== Segment start ==
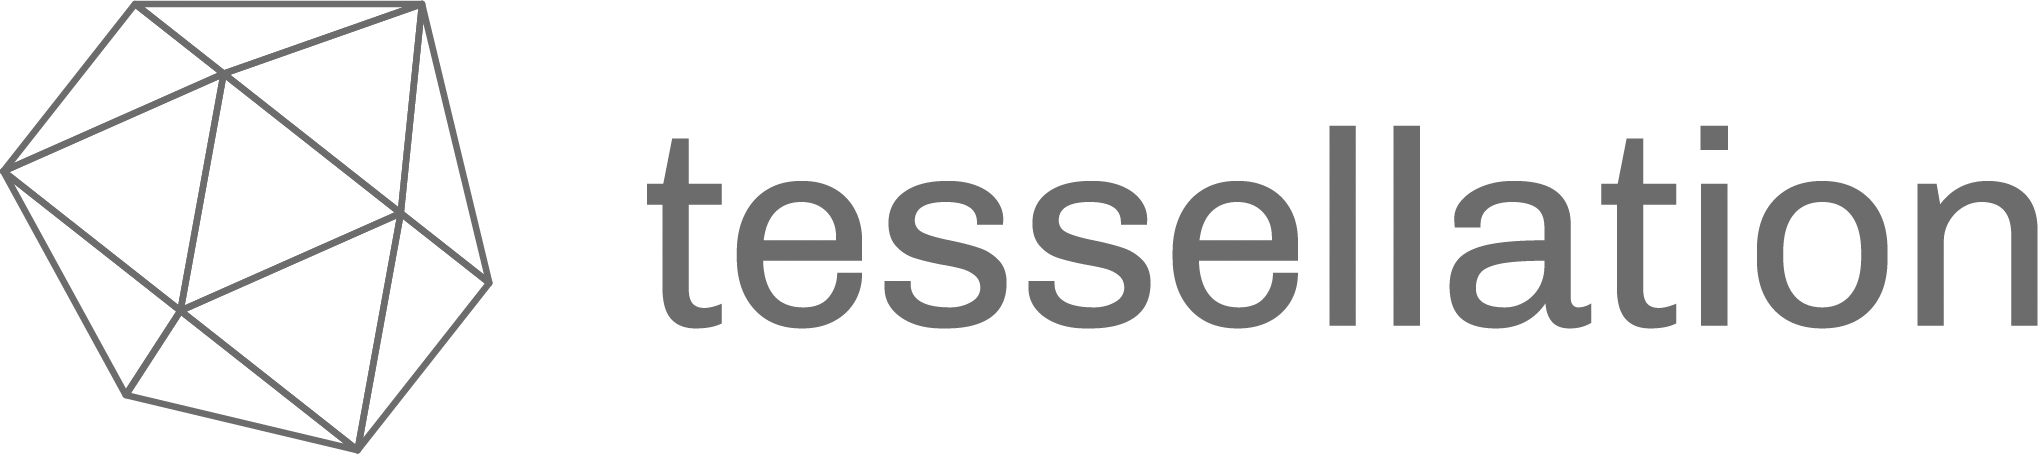 Tessellation_Logo_v5-01-grey
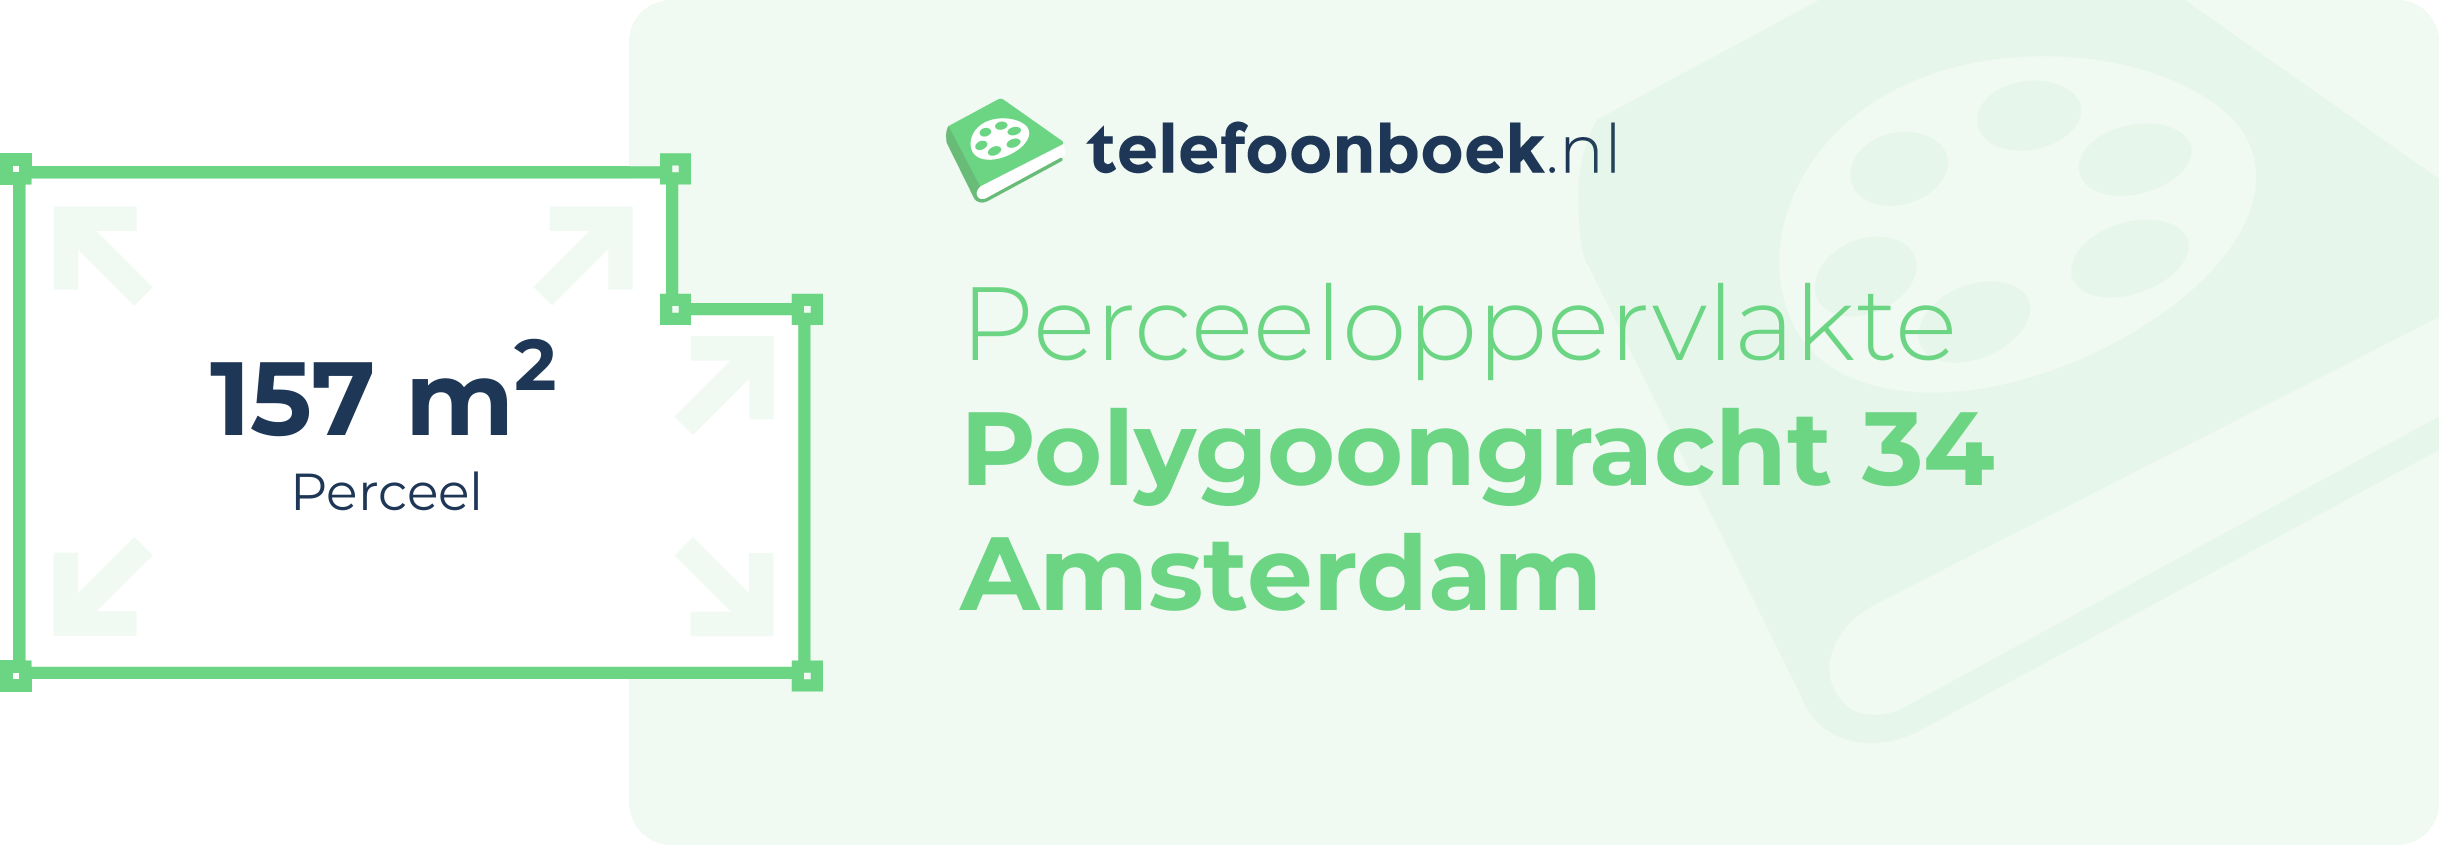 Perceeloppervlakte Polygoongracht 34 Amsterdam
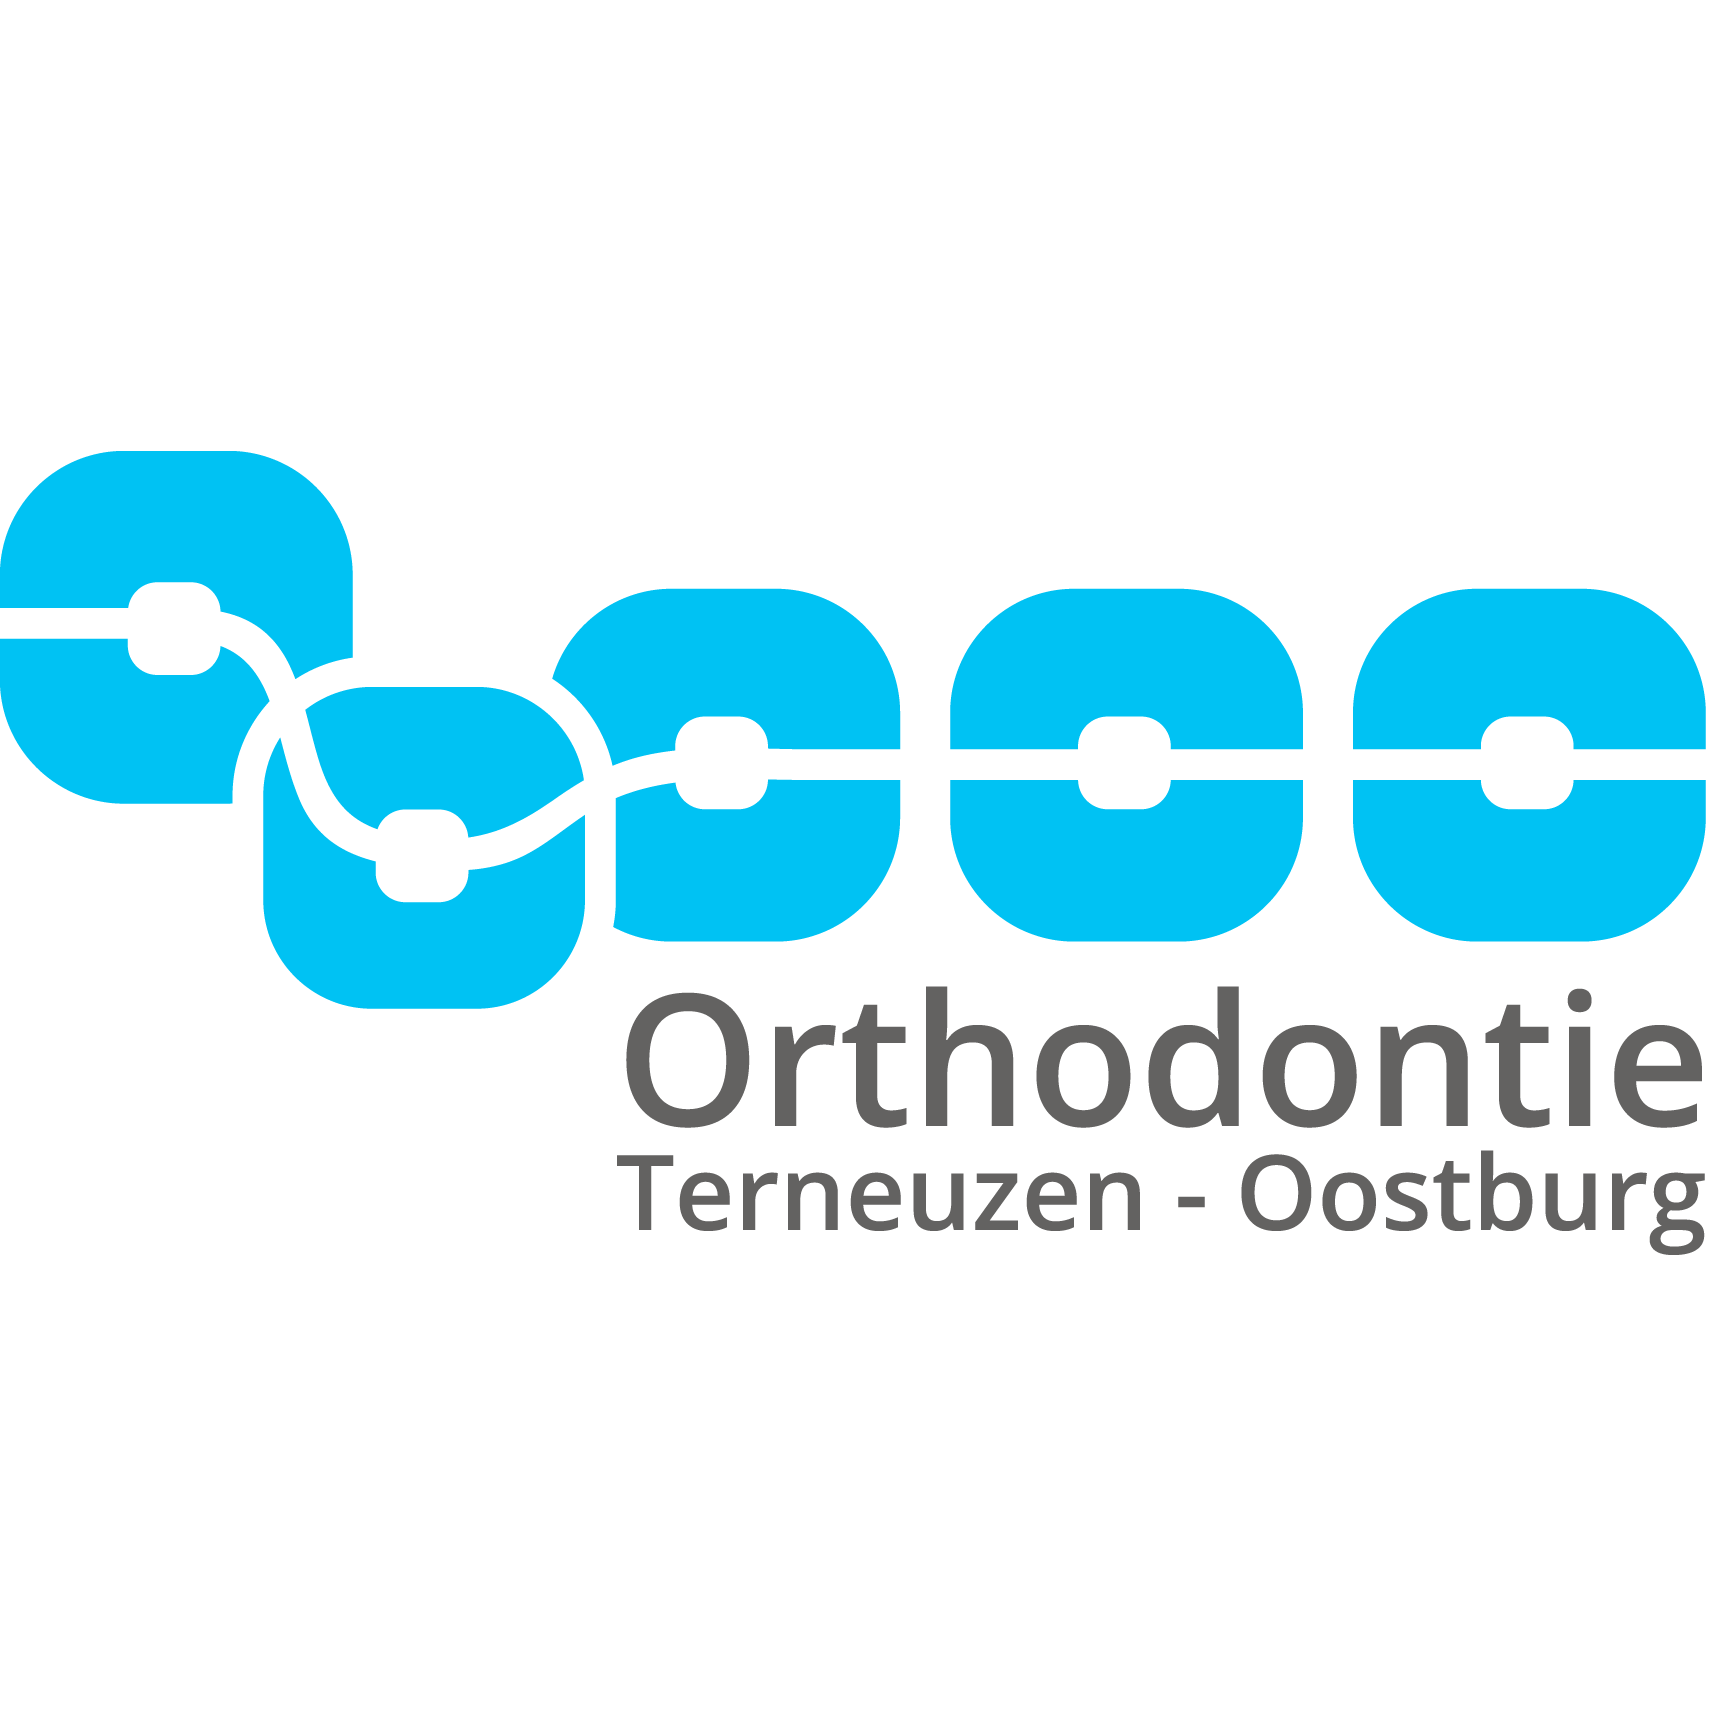 Orthodontie Terneuzen - Oostburg Logo
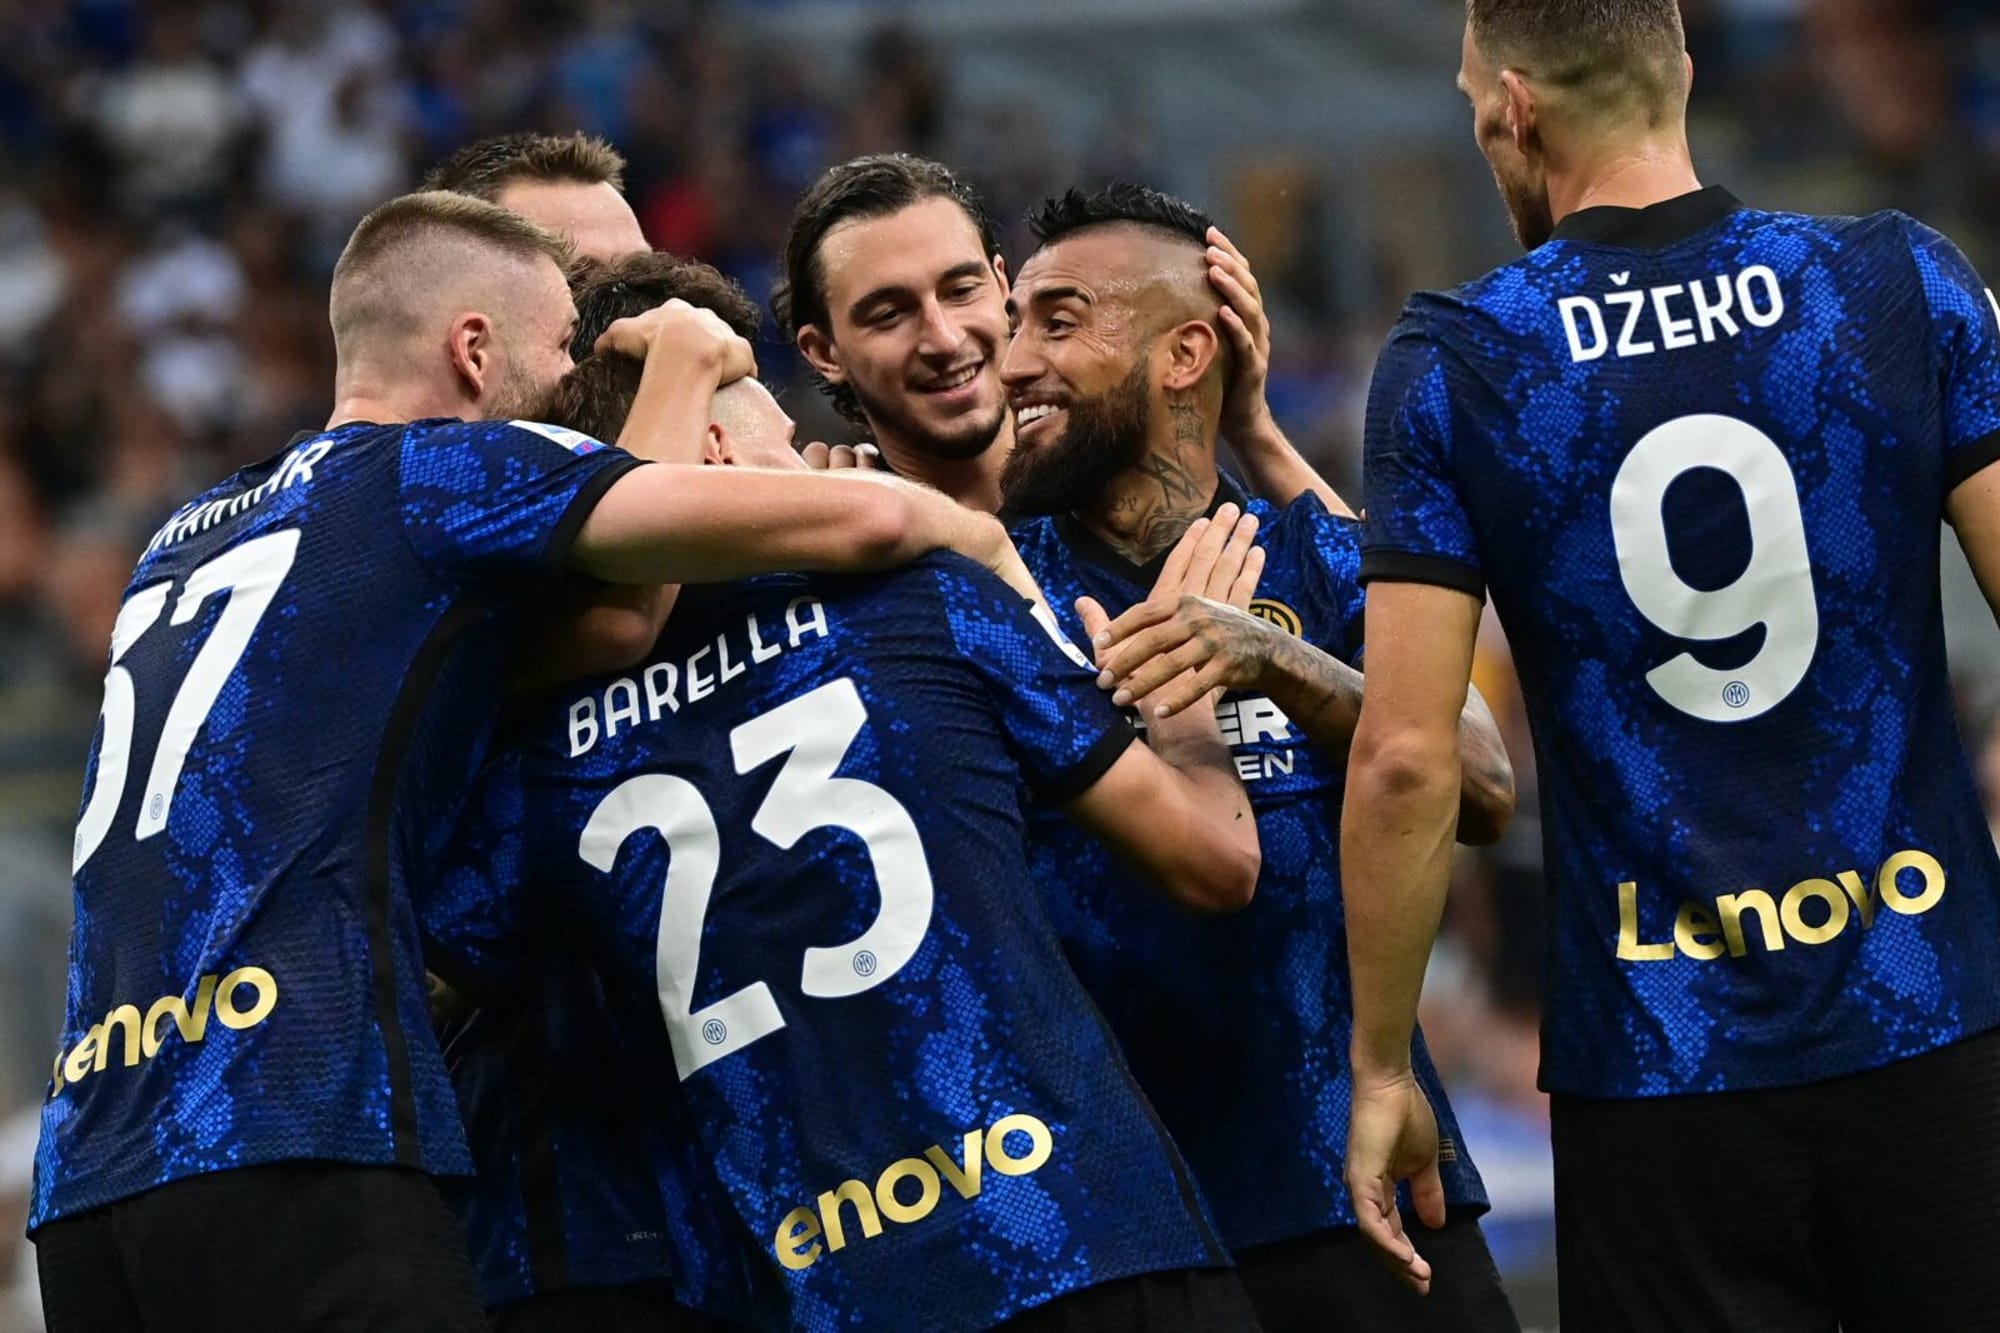 Serie A round-up: Lazio edge out Cagliari after Pedro strike
== Segment end ==
## Problem to solve
Transcribe the whole listing exactly but exclude images.

## Worked solution
 Tessellation_Logo_v5-01-grey
 Perceeloppervlakte Polygoongracht 34 Amsterdam
 Orthodontie Terneuzen - Oostburg Logo
 Serie A round-up: Lazio edge out Cagliari after Pedro strike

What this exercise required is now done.